I am getting it in Slate Hill NY at 3 dollars per lb, just picked up 34 lbs (got 4 for free...lol) today.
Here is the info:
Website is: www.rightfromthehive.co
Email is: [email protected] 
I deal with Kerri-Ann, she has Hives all over NY, up as far as the Finger Lakes, real nice lady, easy to deal with and the honey is amazing, I've never tasted honey that I liked this much!
Tell her that you are a wine maker and that Tom from Poughkeepsie gave you the info, the price is comparable if not better to purchasing from other sources online, and her product is truly amazing!


----------



## geek (Jan 19, 2013)

I see, a but more pricey versus plain white sugar.
Thanks for the info.


----------



## Pumpkinman (Jan 19, 2013)

It is more pricey, but once you taste the difference, I doubt that you would go back!


----------



## Dend78 (Jan 20, 2013)

i would have to agree a bit there, once you get the flavoring correct im sure its amazing, like i said this one gallon is totally different like not even the same wine. the lemon bite is almost gone the fruit flavor is there but it may need some time to come forward more. more time and testing required.


----------



## Dend78 (Jan 23, 2013)

wow guys and gals i just bottled my honey mixture wow its so amazingly smooth i want to see what a month or two does to it but right now its awesome. the honey takes out the lemon and alcohol bite leaving a fruity flavor followed up with a nice smooth honey taste. Im not sure but i dont believe I will ever go back to regular sugar again after trying this...just sayin


----------



## ShawnDTurner (Jan 23, 2013)

You should try meads if you like honey. I have a Vanilla - Cinnamon Metheglin made with Orange Blossom Honey, I call it the Thrilla with Vanilla.


----------



## Dend78 (Jan 23, 2013)

nice, I actually have a blueberry melomel going right now 

1.020 is final SG


----------



## rezod11 (Jan 23, 2013)

> I deal with Kerri-Ann, she has Hives all over NY, up as far as the Finger Lakes, real nice lady, easy to deal with and the honey is amazing, I've never tasted honey that I liked this much!

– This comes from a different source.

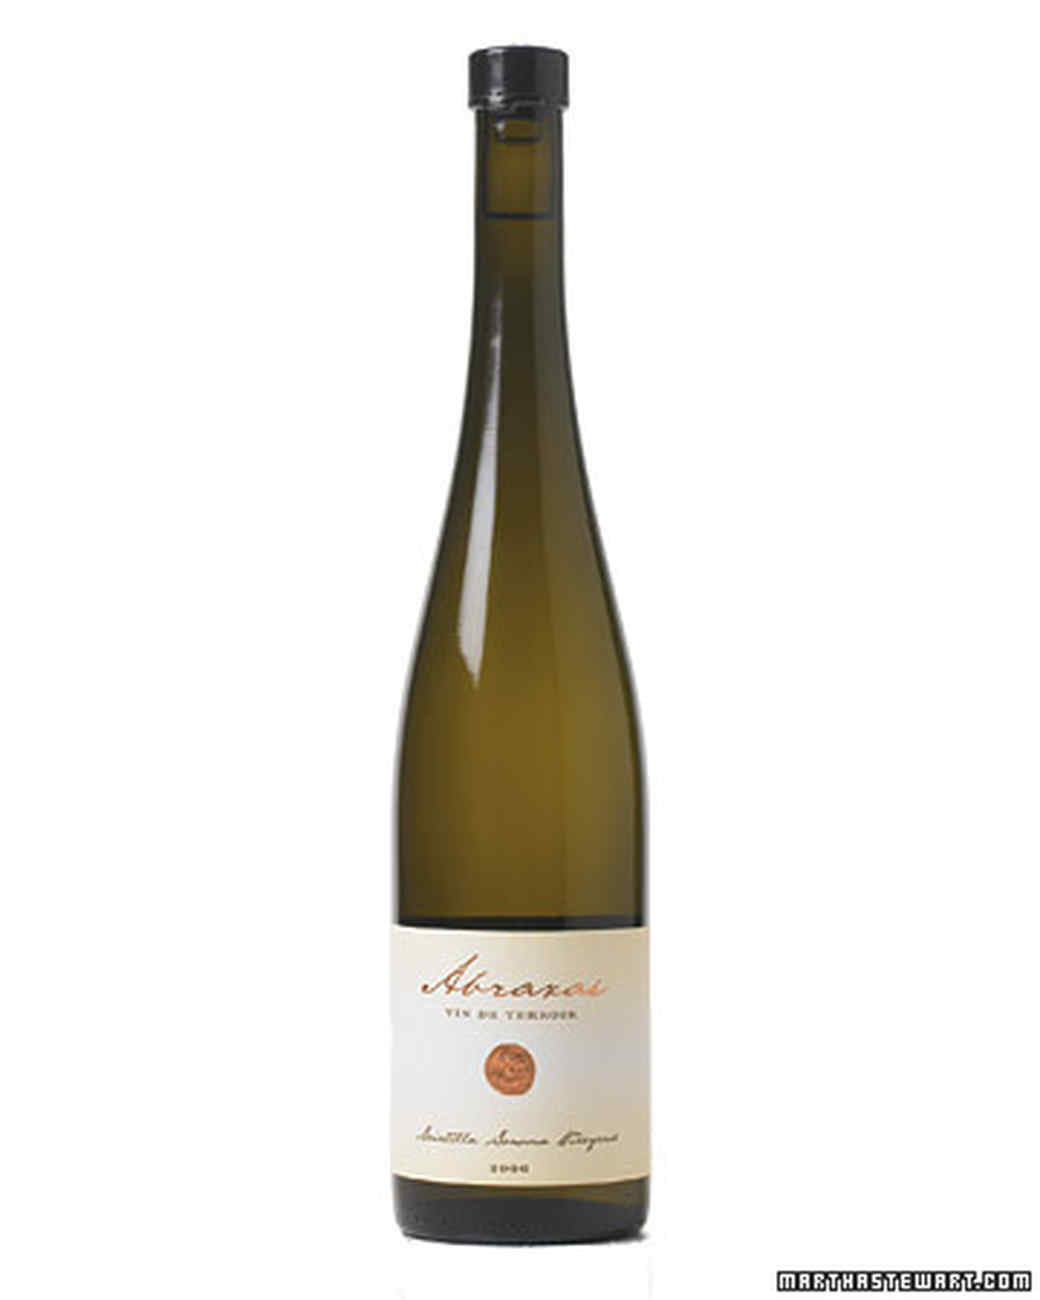 ba103405_1107_wine.jpg

The best honey I have ever tasted is from Shaffer's Fruit Farm in PA. The honey comes from an apple orchard and you can taste the apple in the honey. It's not cheap, I'm not even sure of the price at the moment, but I can only imagine what it would do to back sweetening a wine. I will find out soon though


----------



## Dend78 (Jan 25, 2013)

mmmm sounds good to me, well i believe I can close the book on this thread first post will be updated to show my final compilation of notes, i bottled the last of it last night. the bitterness in the dextrose batch seems to be subsiding which im guessing is just an age thing.


----------